Little, Big, Solar System

The trouble with the solar system is, it’s big.

Really big.

Lighting-28-September-2013-496-440

So I was working on getting Tinselfly to understand the concept of interplanetary travel. I want it to be smooth and seamless; I want the player to really feel the distances involved here. I want the player to feel small. This is sort of an extension of some stuff I was doing last year.

In short: you can’t just model this stuff and have it work. You have to use some camera tricks. So I came up with a plan. It was a clever, workable plan inspired by the effects in The Lord of the Rings, and I was halfway through it when I realized the other half might not be worth doing.

Here are the parts I finished:

  • You are orbiting a small moon, the big screen-filling, sun-blotting sphere in the images above. Its size is realistic.
  • The moon is orbiting a gas giant, which in turn has other moons, all of which are realistically sized.
  • You can see four small planets orbiting the sun in the top image; their positions are realistic.

But here’s a problem that I’m choosing to leave in:

  • The sizes of the four small planets you can see near the sun are not remotely realistic.

You’re viewing the bodies in this solar system as if the planets are reasonably sized, but the planets (including yours) are all 1000 times closer to the sun than they should be.

The four little planets above?
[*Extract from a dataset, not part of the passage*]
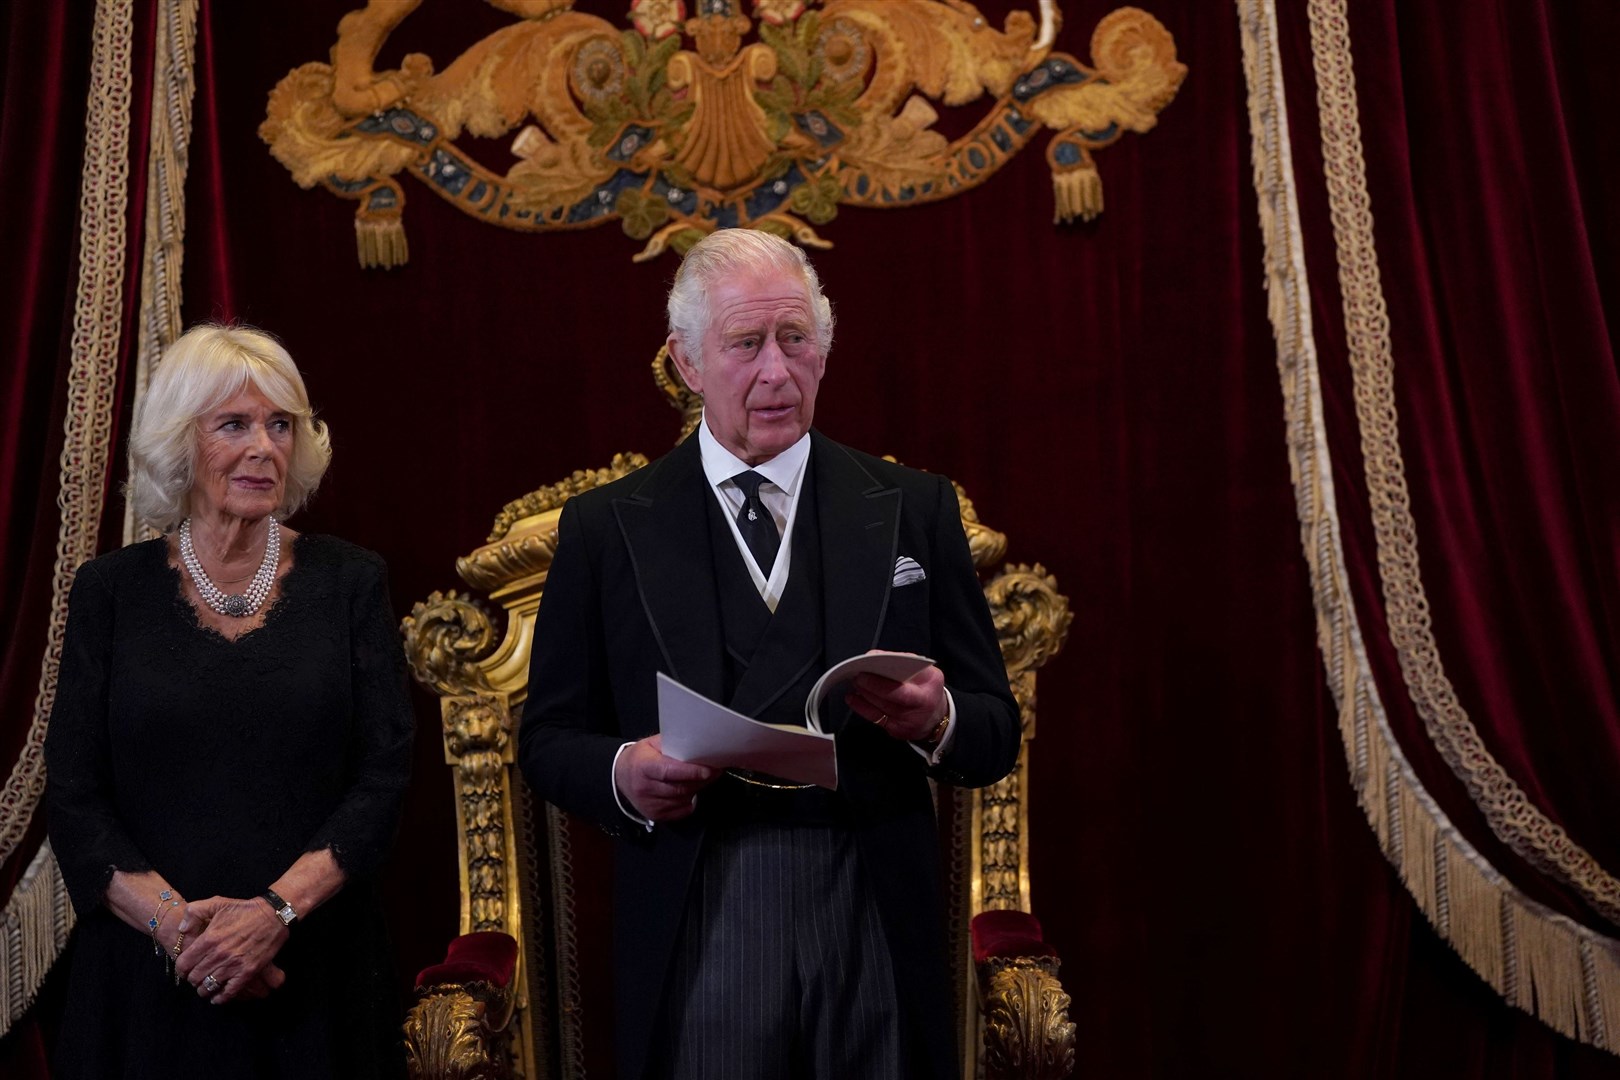 King Charles III and the Queen during the Accession Council at St James’s Palace, London (Victoria Jones/PA)

Are shown 1000 times bigger than they would be in real life. It was part of my plan, to store everything using a compressed scale in my scene, and kind of inflate it all when the game was actually running. And I stopped just short of implementing that inflation part.

Lighting-Closeup-28-September-2013

Looking at this detail image here, you can see that each planet has a different phase, like the real Moon does. The planet on the left is reddish and a crescent. The planets in the middle are half moons. The one on the right is almost full. You can tell these are spheres, being lit by the sun, with different sizes and colors.

In short, you can tell they’re planets. Which, realistically, you could not do. Realistically, they should look kinda like particularly bright, untwinkling stars.

Looking up at the night sky never, ever, made me feel small and insignificant, because reality does a terrible job of communicating to the viewer what they’re actually looking at. And I don’t see it as my job to have space be big. It’s my job to communicate that space is big.

Rather by accident, looking up at these planets in-game makes me feel small in a way that reality does not, because it’s all on a scale I can start to comprehend — and I start to comprehend just how far I am from really being able to grasp how big that scale is. So I think I’ll leave this mistake, this unfinished camera trick, in.

For the same reason, I have made the plane of the solar system here line up exactly with the plane of the galaxy, with lines up exactly with the plane of the planetary system you’re in. Again, not entirely realistic, but seeing everything lined up like that — and seeing it all move unrealistically fast — cements this idea that you’re part of this system of spheres spinning around other, larger spheres, spinning around ever larger objects.

And watching all this makes me feel really, really, tiny. Which is what I’m going for here.